Server-side email signatures don’t give end users the option to change theirs. You might think this is a good thing, like if someone puts something objectionable, controversial, or inappropriate in their signature, but I’ve been around IT long enough to recognize there will be several problems with not giving this power to end users.

  • It’s going to annoy employees, and annoying your highest performers is a great way to push them out to a different company that trusts them to make this kind of decision for themselves.
  • This doesn’t give you the power you think it does. The message body might ALSO contain unwanted content, or end users might pad the bottom of their message with the start of their custom signature.
  • Signatures will get duplicated. End users will think it’s weird to send a message with no signature, so they’ll add one, and then your customers will get emails with two signatures. I see this from vendors all the time, and it looks silly.
  • IT can be slow to fix name or title changes, or you might not even get this request at all if your end users don’t feel comfortable asking for what they want or need.
    • Imagine working hard for a promotion to then have to wait a month for a helpdesk call to get your signature updated with your new title.
    • “Franklin” might want to go by “Frank”. Being friendly makes sales, and that makes your company money.

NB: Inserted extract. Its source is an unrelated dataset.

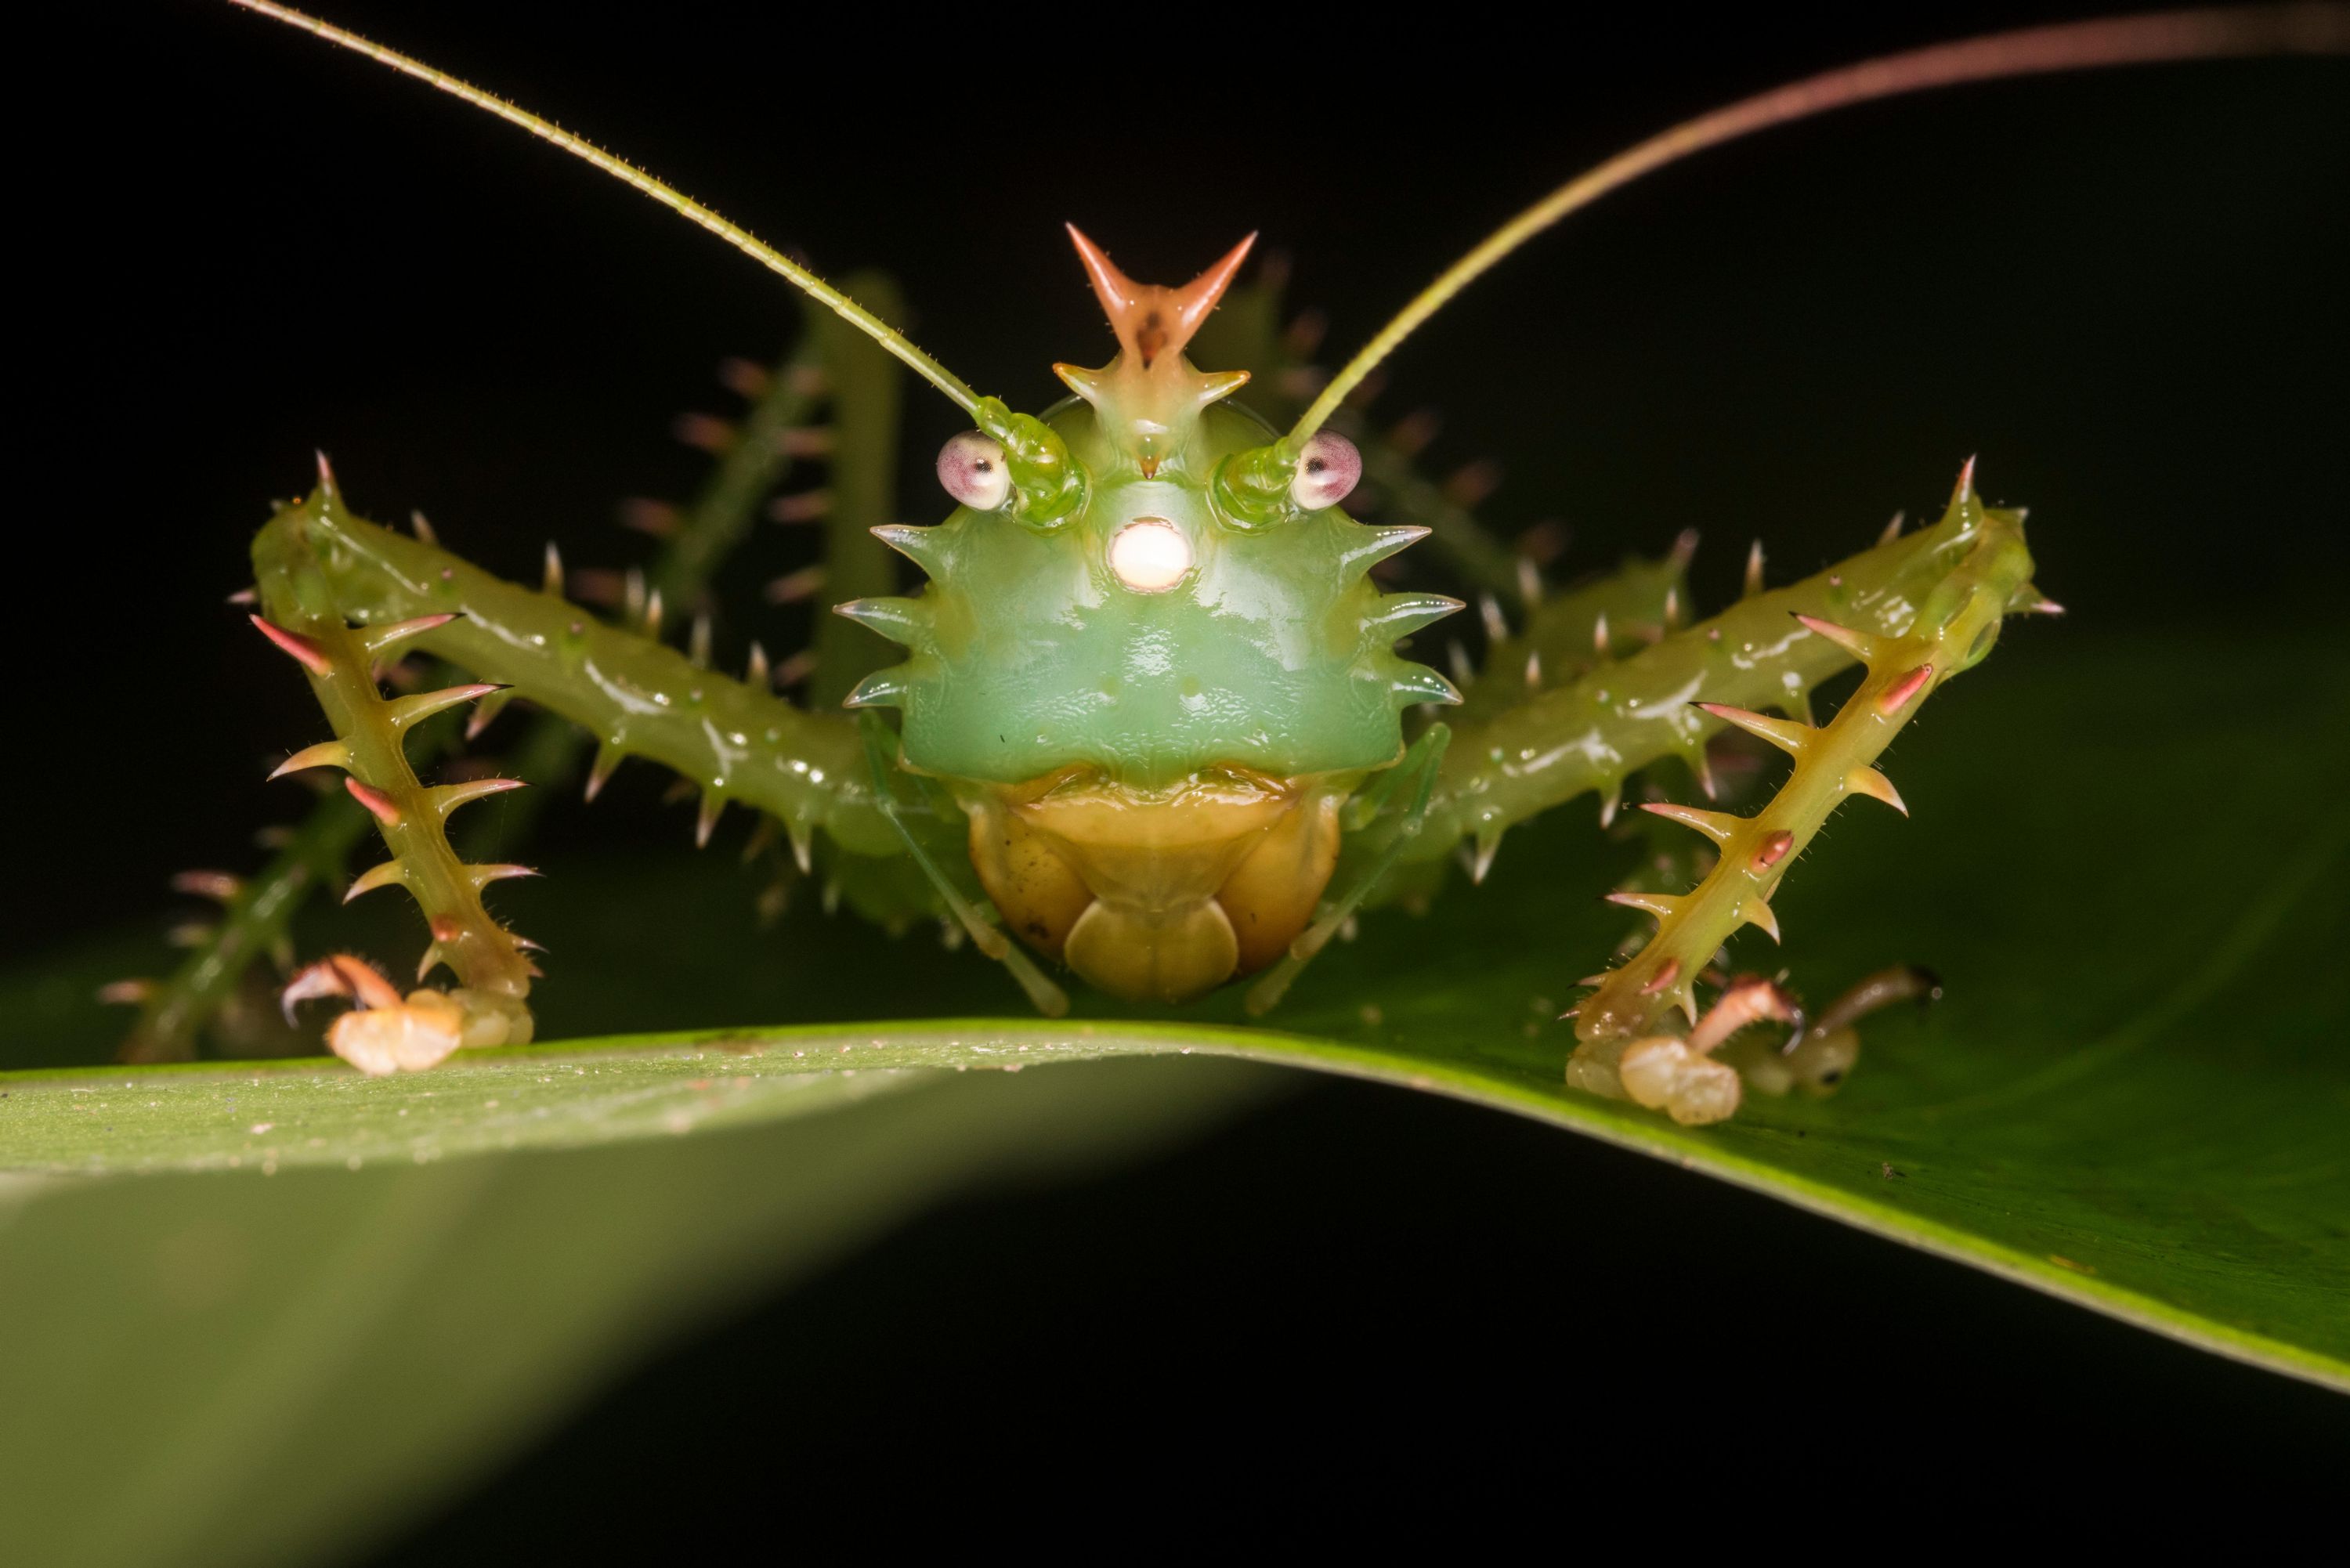 Awesome Ears: The Weird World of Insect Hearing - Scientific American

    • An employee with a typo in their signature (particularly their title) might just accept it to not rock the boat, but they represent your company to suppliers and vendors, making YOUR COMPANY look bad, not just them.
    • A transgender employee might not feel comfortable asking for their signature to get updated.
  • The signature is part of the whole message received. Customer-facing users will want to know how their message will be viewed on the recipient’s screen, with the right number of line breaks between the message and the signature. Artistic composition matters a lot more to salespeople and marketers and customers (and sales!) more than it might to techie people like us.
  • Adding signatures to internal emails slows down the whole company’s communication efficiency. Every company where I’ve worked has had an unwritten and unspoken practice of using shortened signatures for internal replies. Short signatures save a lot of scrolling and produce a lot less visual noise, allowing recipients to focus on the content.